STEP 2: Put the users in the right permission group. In our case, owners and members were set to adjusted permission levels. When a site is connected to an Office Group, the default SharePoint groups for Owners and Members are linked to the Office Group permissions for owners and members. So it was necessary to put the users in the right, default groups and to clean up the old permission levels.

STEP 3: Configure the library settings for using modern layout. In the past we have converted all lists in every classic site to use the classic layout. This is because the user would otherwise be confronted with a mixed way of modern and classic. We have therefore converted all lists, so that the settings at the tenant level are used.

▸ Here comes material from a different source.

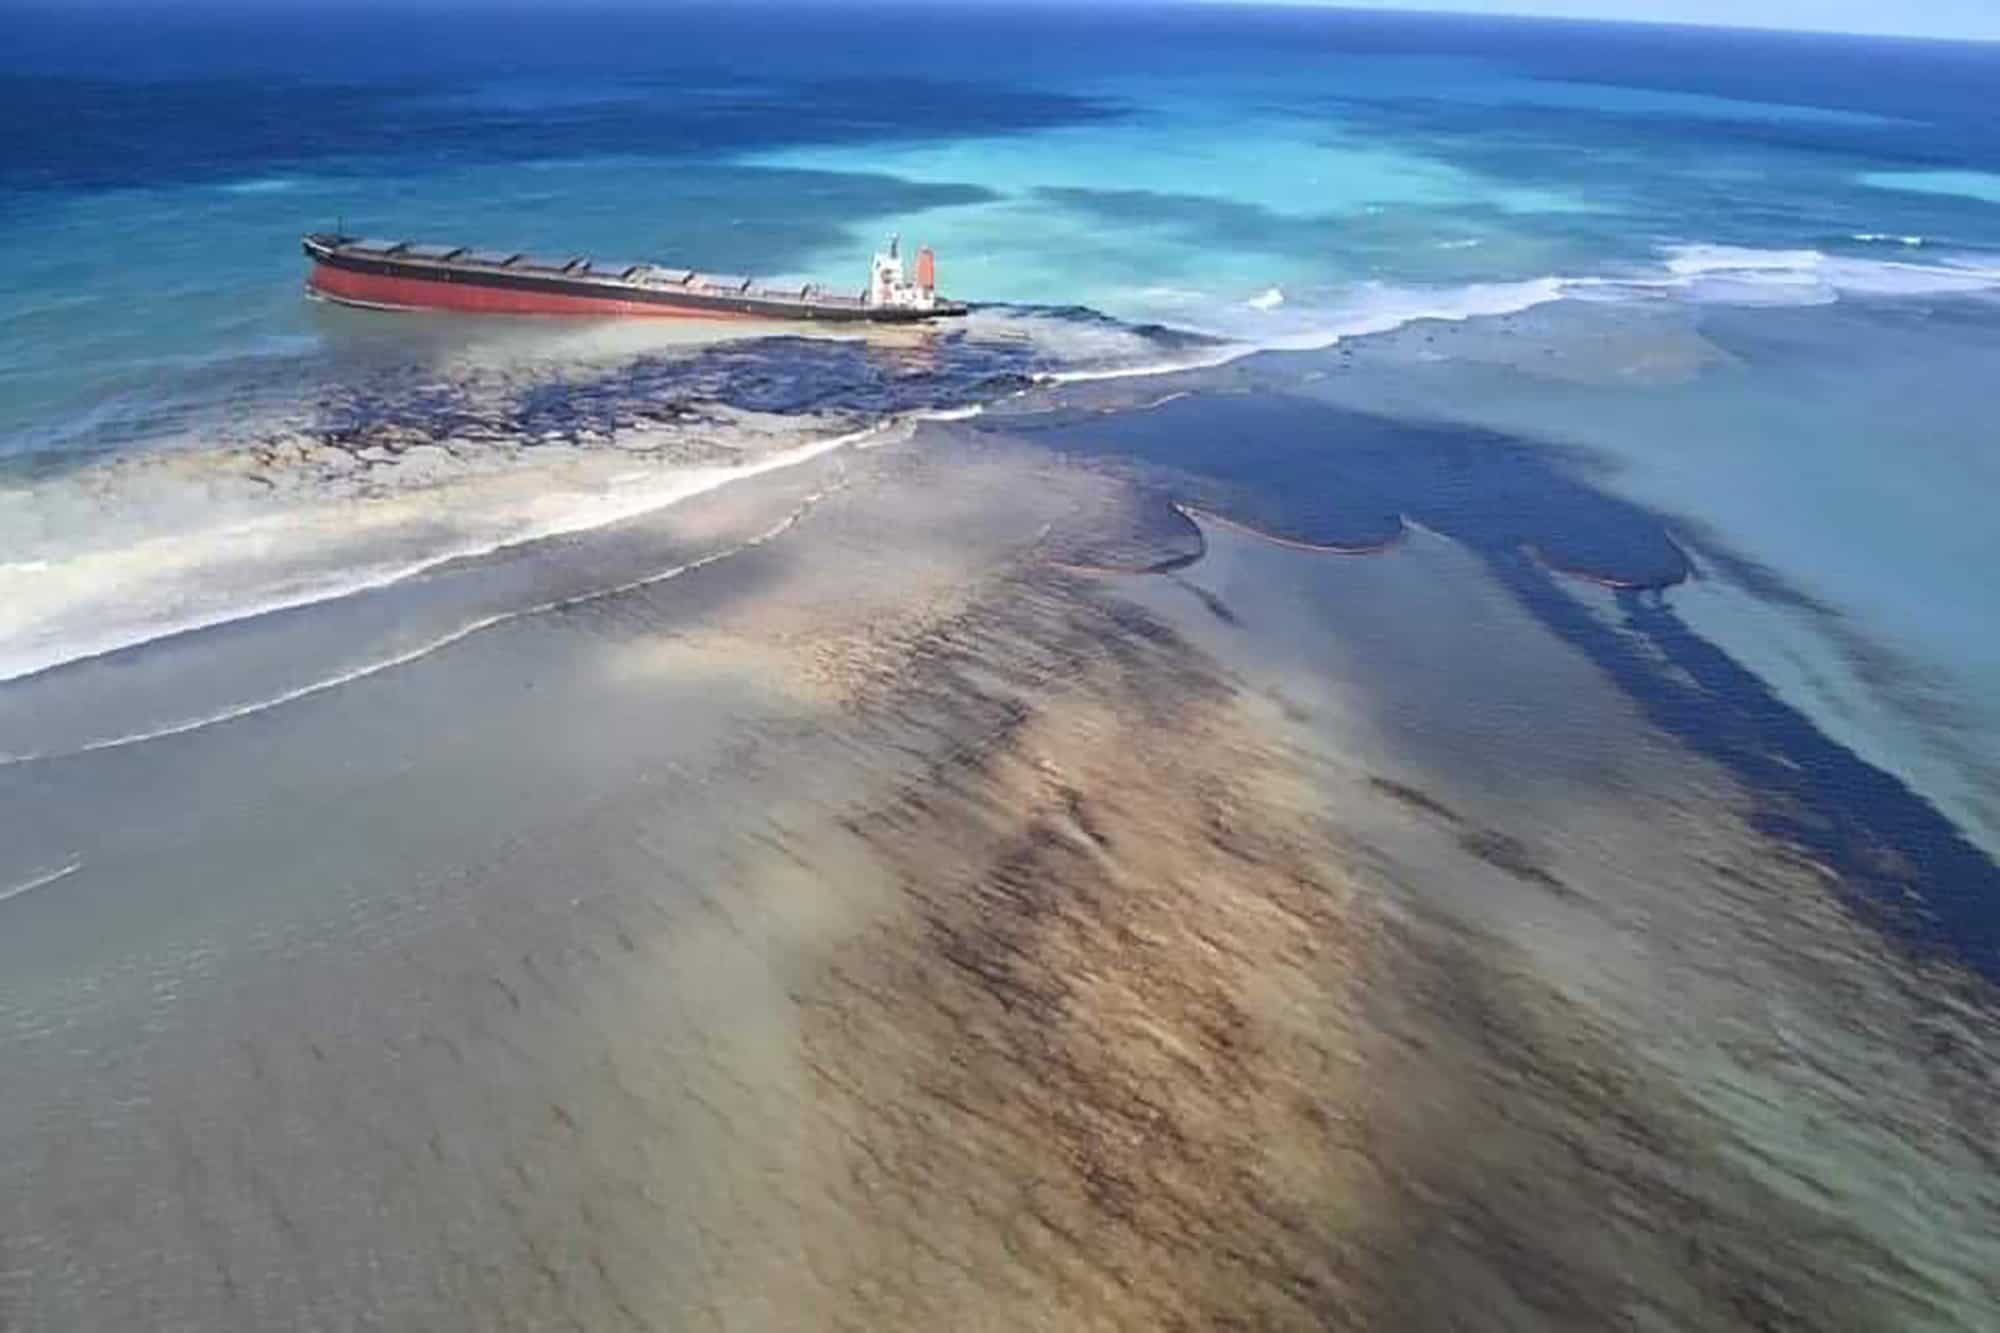 Mauritius scrambles to counter oil spill from grounded ship
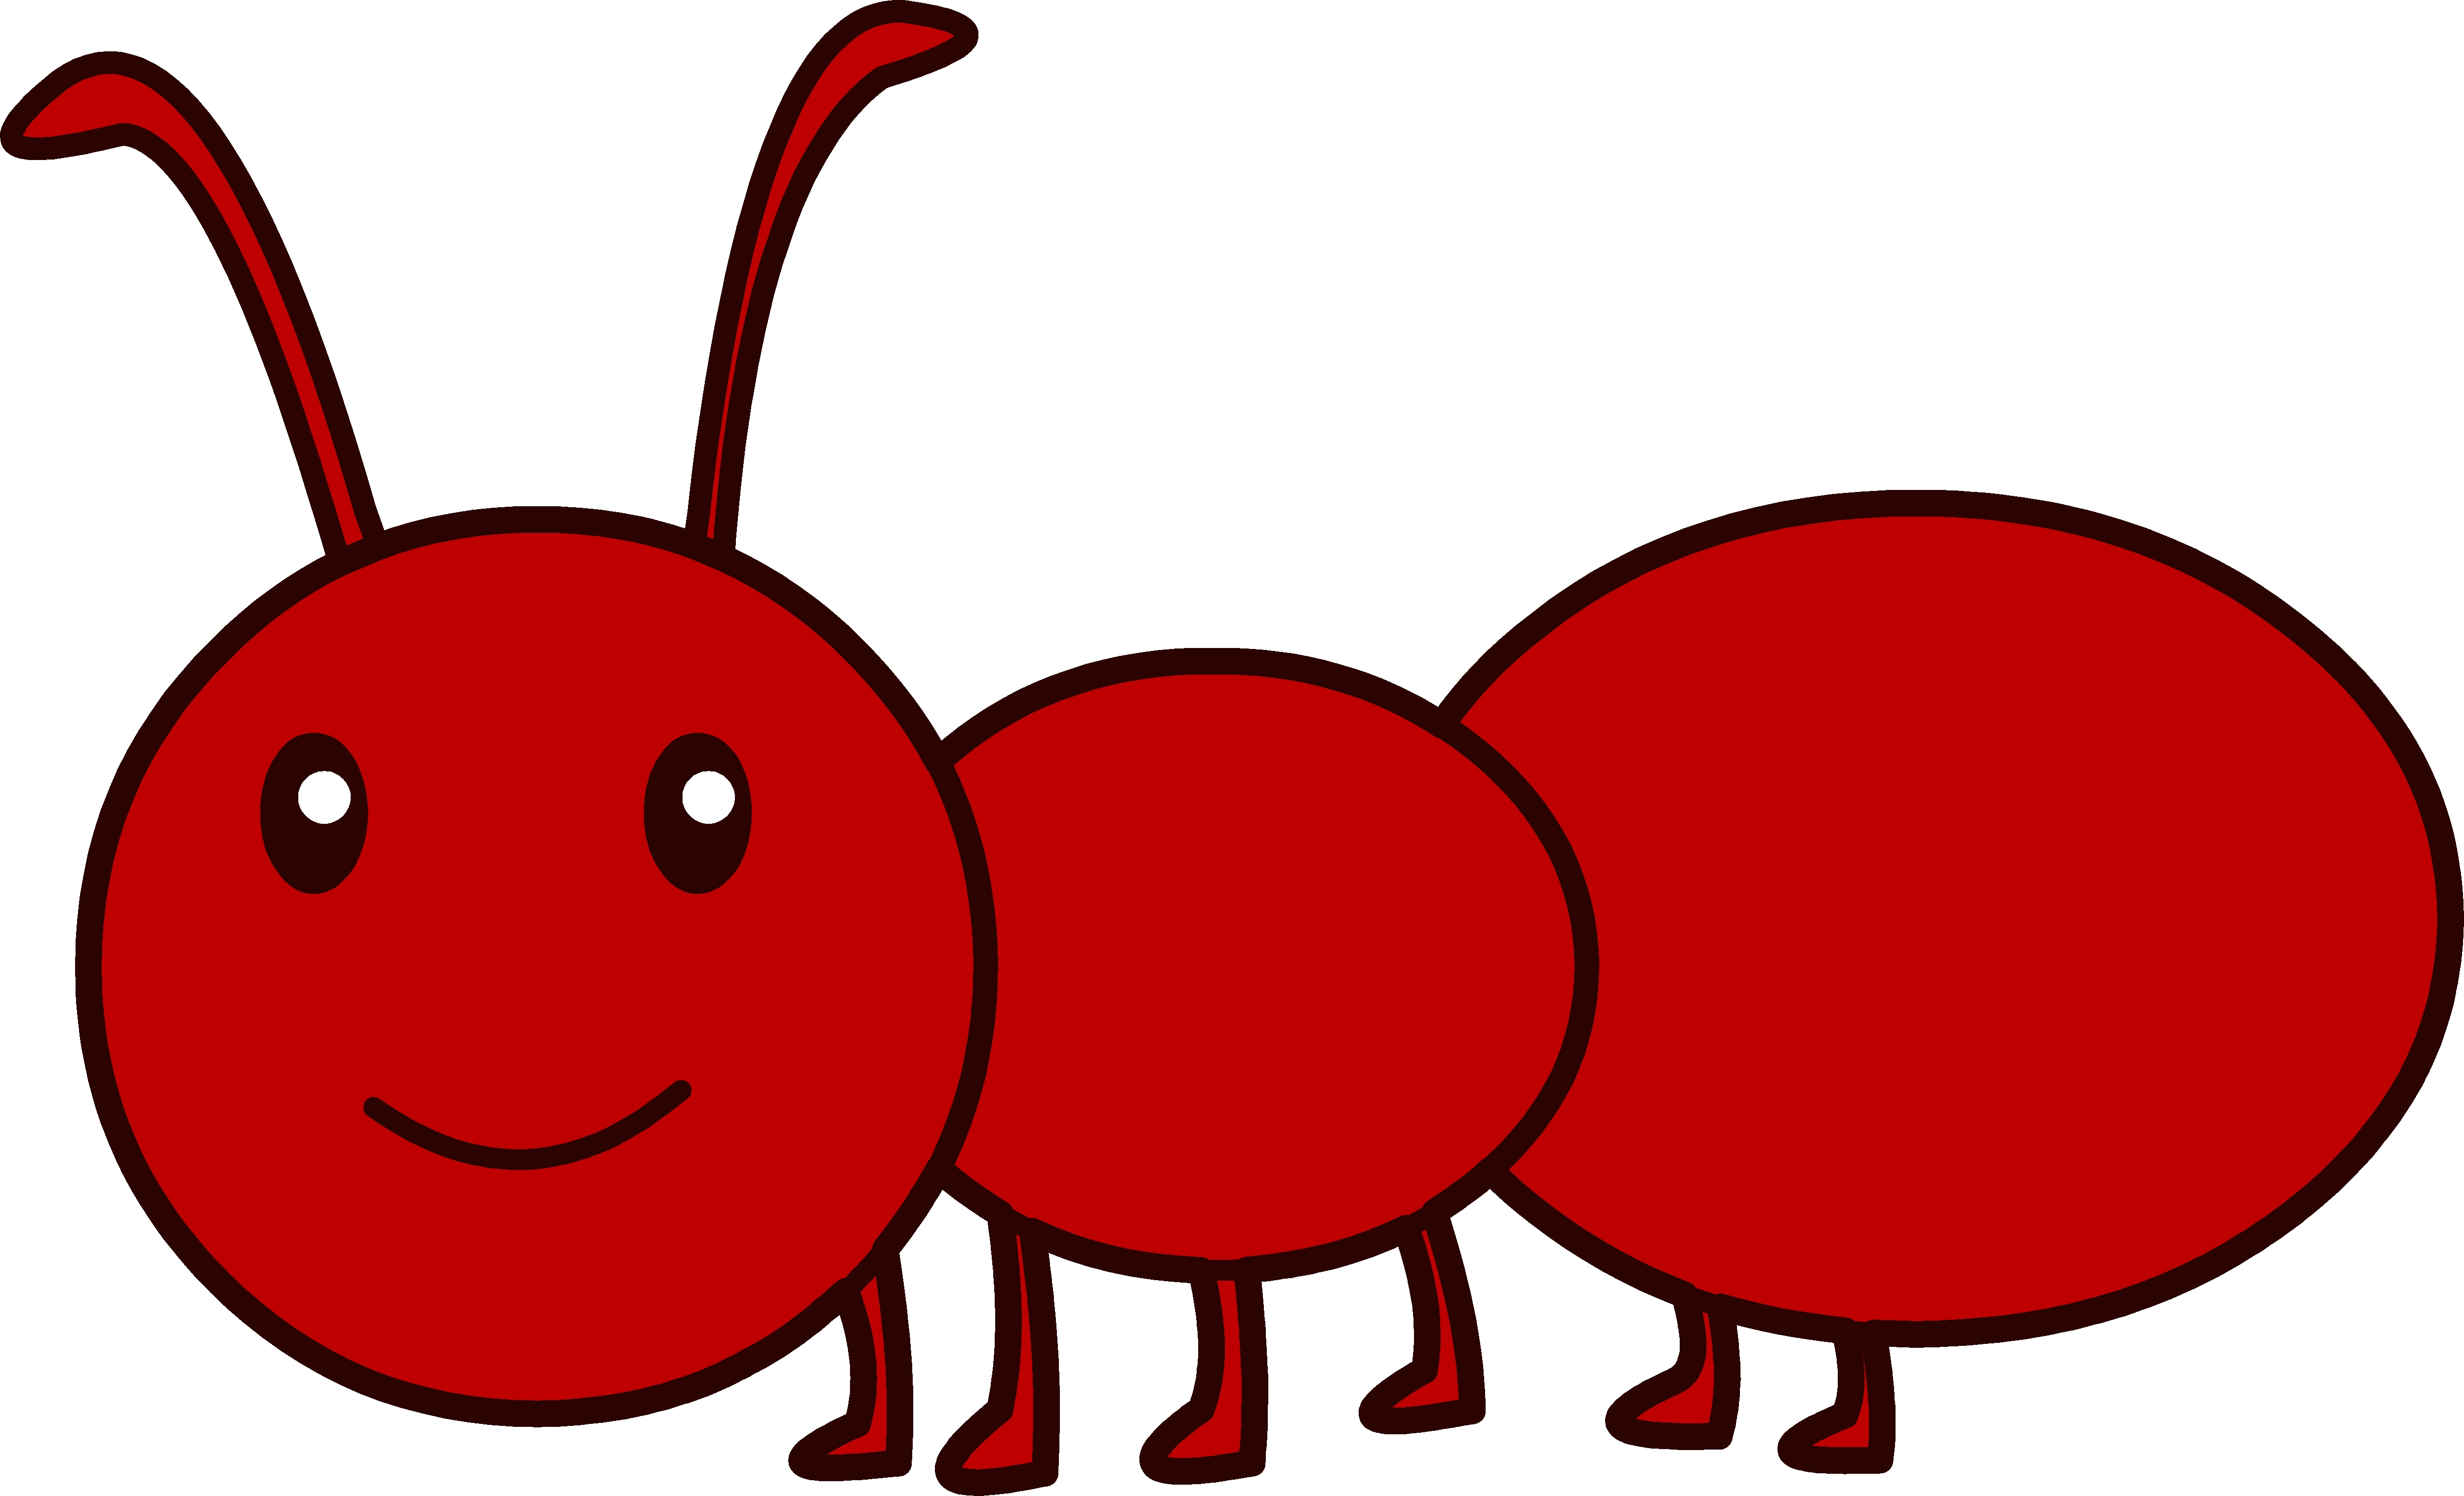 Ant clipart name. New design digital collection

classic view or modern view

STEP 4: Groupify! The script to connect the sites to an Office Group

STEP 5: With the modernization a new modern homepage is created. We have placed a modified introduction text on this to inform the user.

All supporting scripts (steps) and .csv template can be found below (with thanks / credits to Kimberly Pothuizen and Albert-Jan Spiegelenberg).

By splitting the sites into 5 batches and starting them simultaneously, we succeeded in completing the modernization in 8 hours! It should be noted that of the more than 1700 sites, around 15 were not immediately successfully completed.

Conclusion

We are now one week after the upgrade process, with no significant events. Some users have reported that the site was still in the process of setting up the Office Group, but in general the conversion went very well.

The process prior to modernization took quite a long time, mainly due to the impact on users. In retrospect, this appears to have been partly unnecessary. As a result, communication and awareness have been implemented over a longer period of time. The final modernization of the 1700 sites took about 8 hours, all preparations (articles, extra communication, improving scripts and inventory sites) in around 8 days.

My advice in this: take a pragmatic approach and do not limit yourself too much with requirements you cannot meet (transfer content, migrate web parts, etc.). In addition, it is wise to match the permission model to the permissions within Office Groups. In addition, indicate to the user that they play a role in the process and are ultimately responsible for the content of the site. Make it fun! Users are generally enthusiastic about the new possibilities, make full use of it!